[Exercise aim] Copy the listing exactly; drop the pictures.

[Data shown]
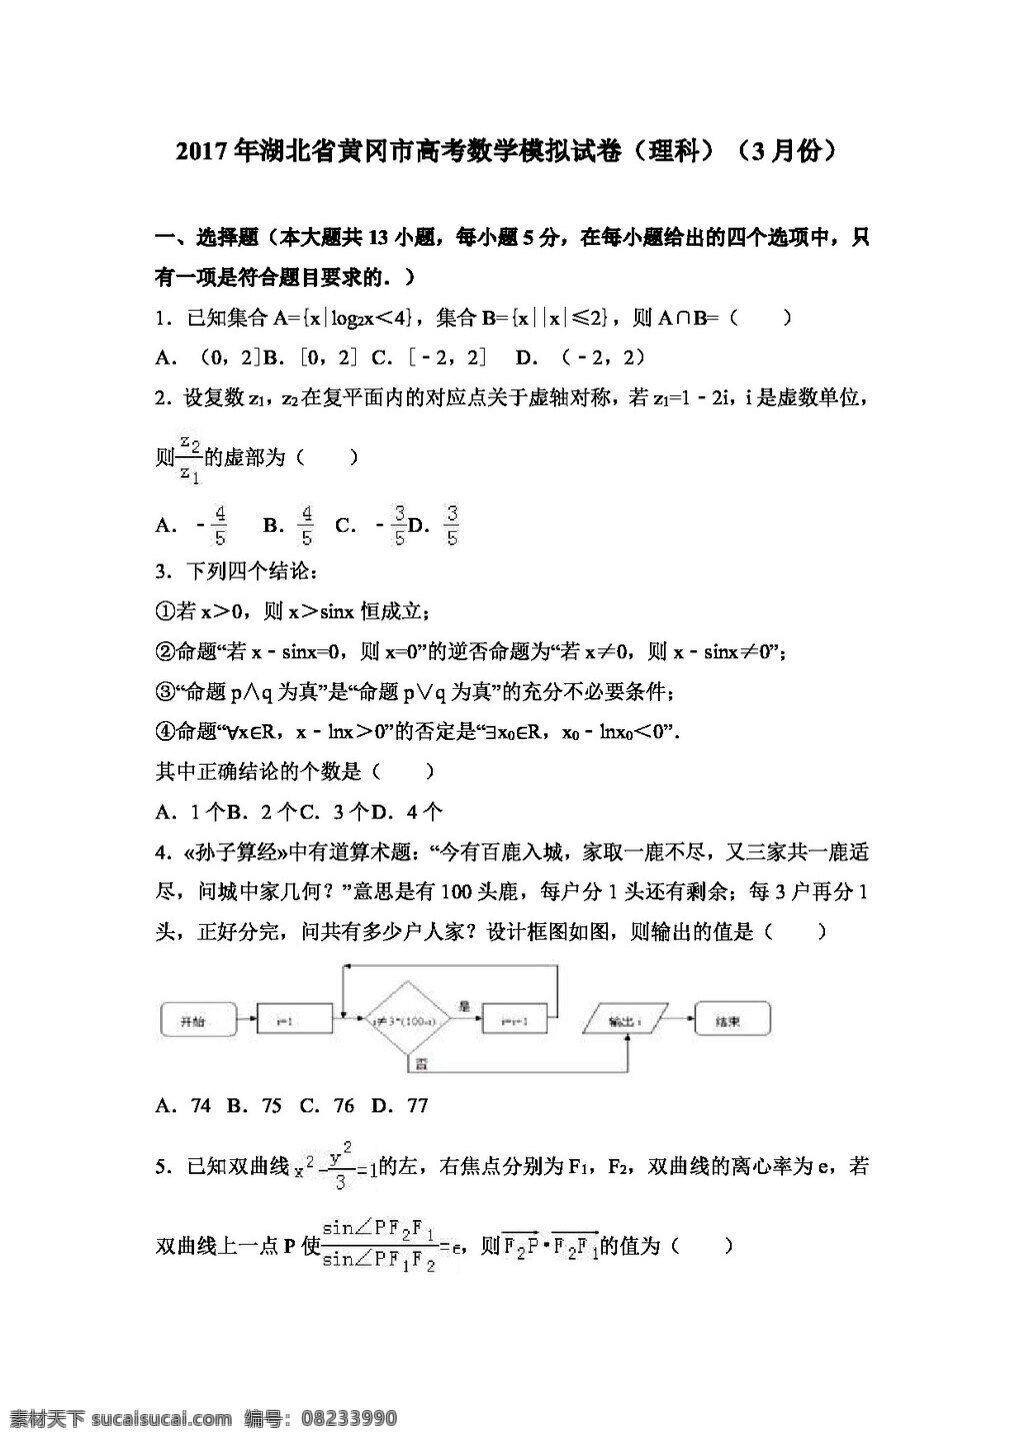 数学 人教 版 2017 年 湖北省 黄冈市 高考 模拟试卷 理科 月份 高考专区 人教版 试卷
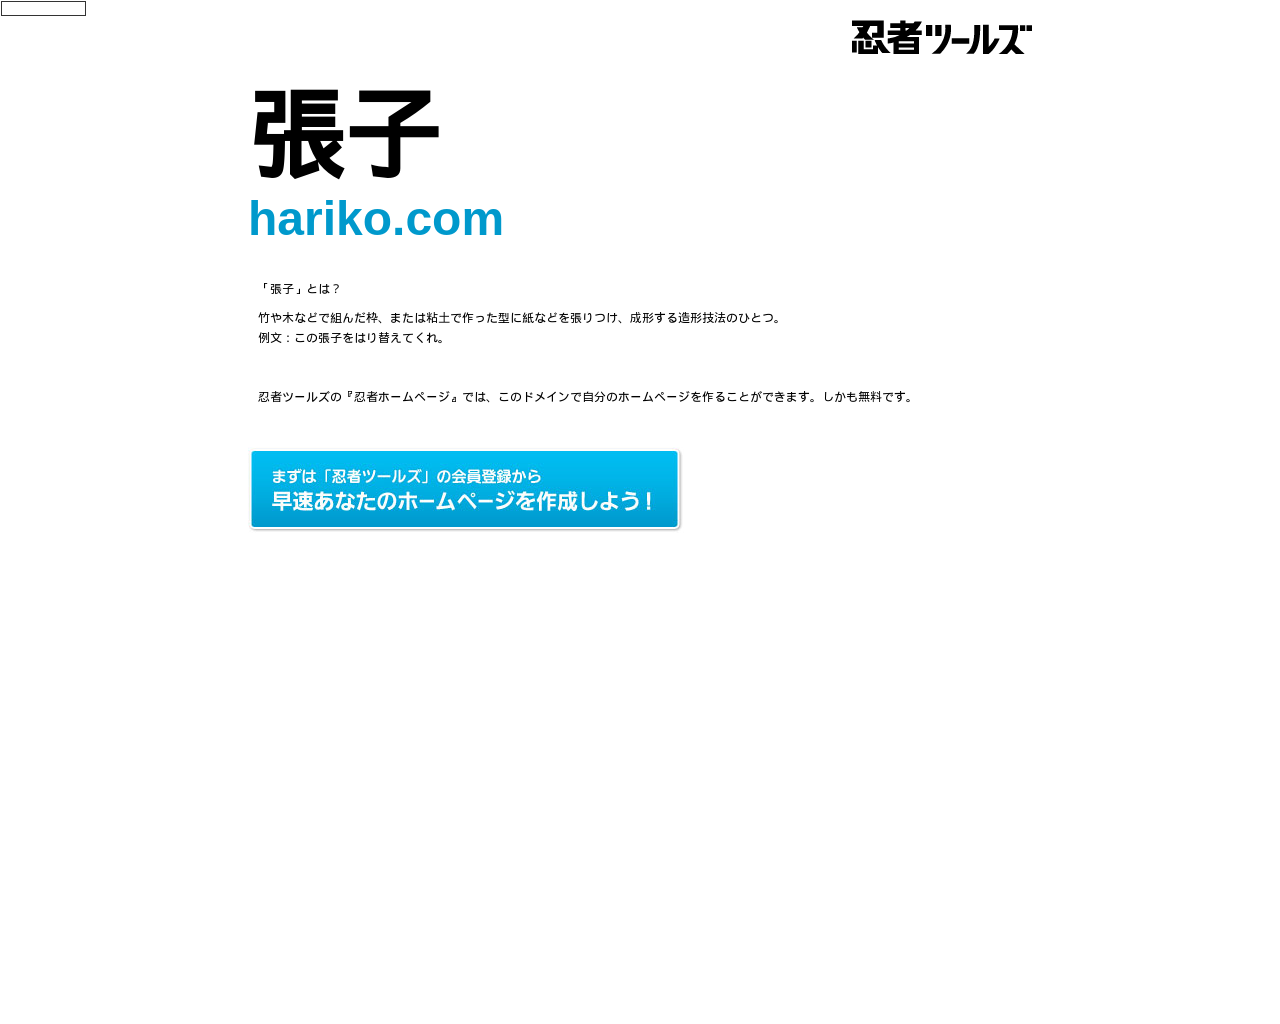 hariko.com
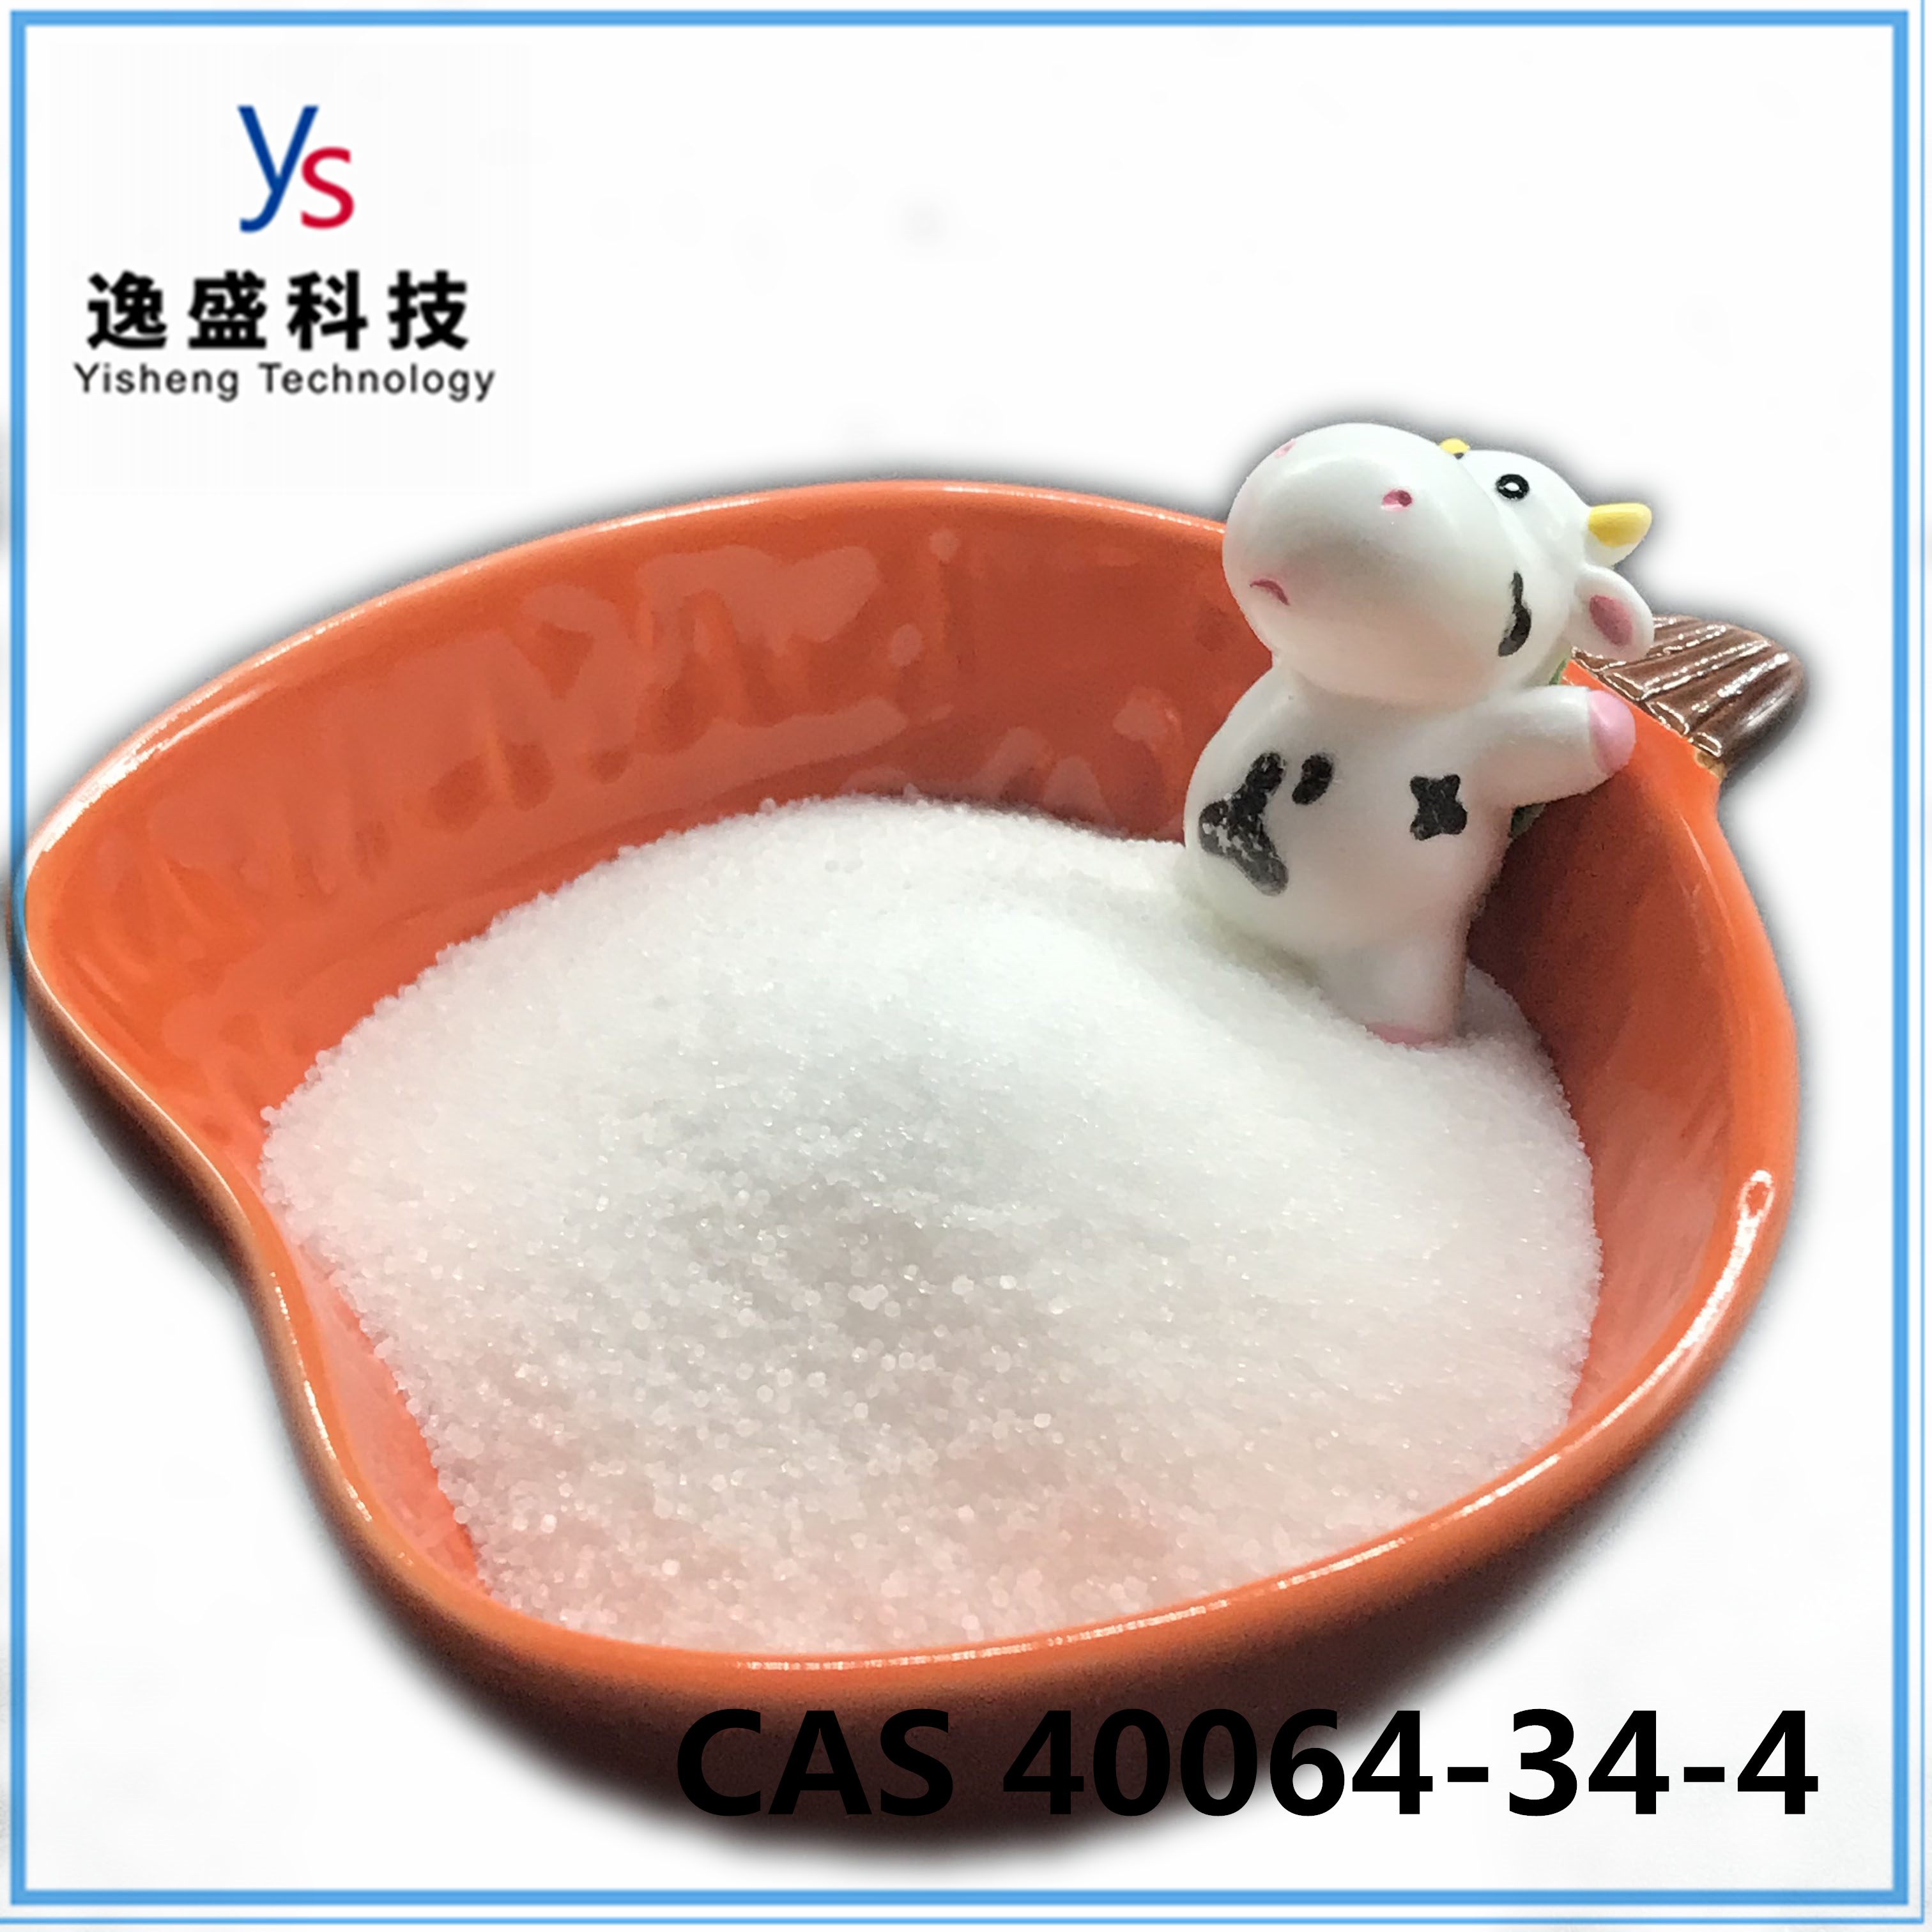 Salud personalizada White 4 4-Piperidinediol clorhidrato CAS 40064-34-4

[Task response]
 数学 人教 版 2017 年 湖北省 黄冈市 高考 模拟试卷 理科 月份 高考专区 人教版 试卷
 hariko.com
 Salud personalizada White 4 4-Piperidinediol clorhidrato CAS 40064-34-4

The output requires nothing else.